Taylor Expansion in Mathematica (Multivariate)

[road_king]

Hi!

I'm trying to linearize a function f which is dependent of 4 variables, each one dependent of time.

f[var1_,var2_,var3_,var4_]:= ... expression

I use Series[f, {var1,var1₀ ,1},{var2,var2₀ ,1},...] syntax
as I read on the documentation center.

The problem is that the program only read the 2 first variables as function variables (green colored) and the last 2 appeared in blue.

It causes me confusion because I thought Mathematica could do multivariate Taylor expansion...

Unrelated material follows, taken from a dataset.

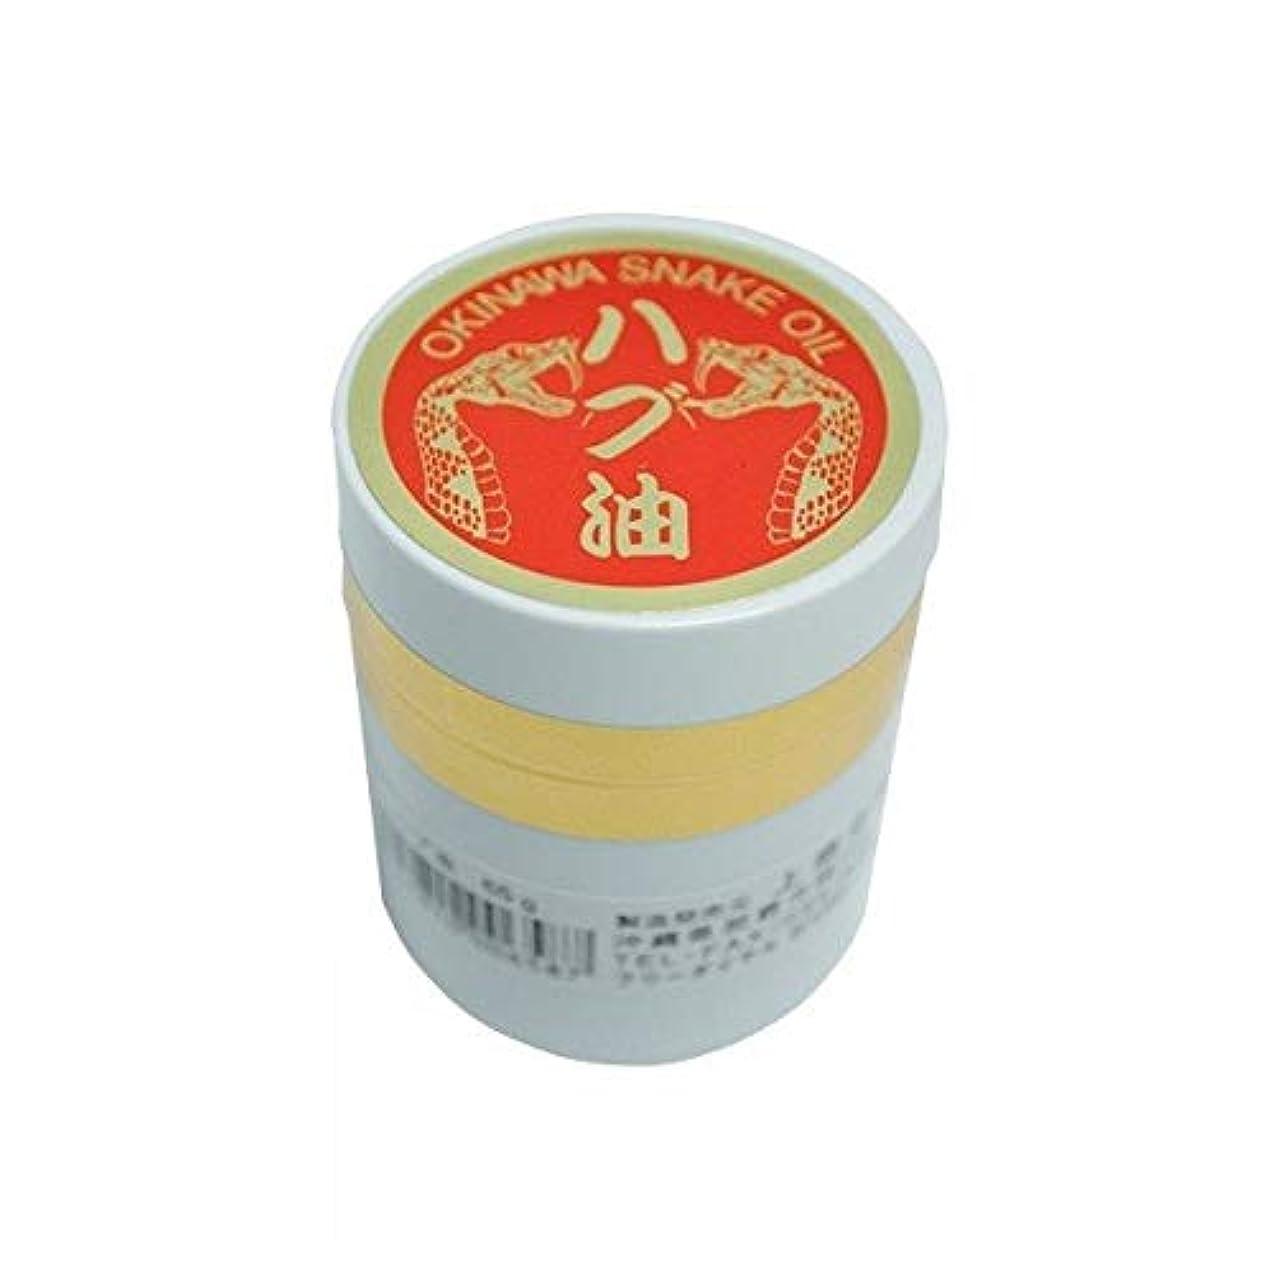 ギャザーブレイズ騒々しい沖縄産 ハブ油 65g 軟膏タイプ

Anyone has any idea of what is wrong? Thanks in advance.

 

[jackmell]

You need to give us a canonical example. Like:

f(a,b,c,d)=2a+3ab^2-c^3+\sin(d)

Ok, suppose it's that. Can Mathematica do even that? Now you said each of the variables are functions of t as in:

f(t)=2a(t)+3a(t)b(t)^2-c(t)^3+\sin(d(t))

Ok, suppose it's that. Not sure what you want at this point though.

 

[road_king]

Thank you very much Jackmell. That is basically the idea, but my function f is much more complicated than that. That is why it would be a very tedious work to write it in Latex.
I tried to export it with Mathematica function, but I have not got pretty satisfactory results.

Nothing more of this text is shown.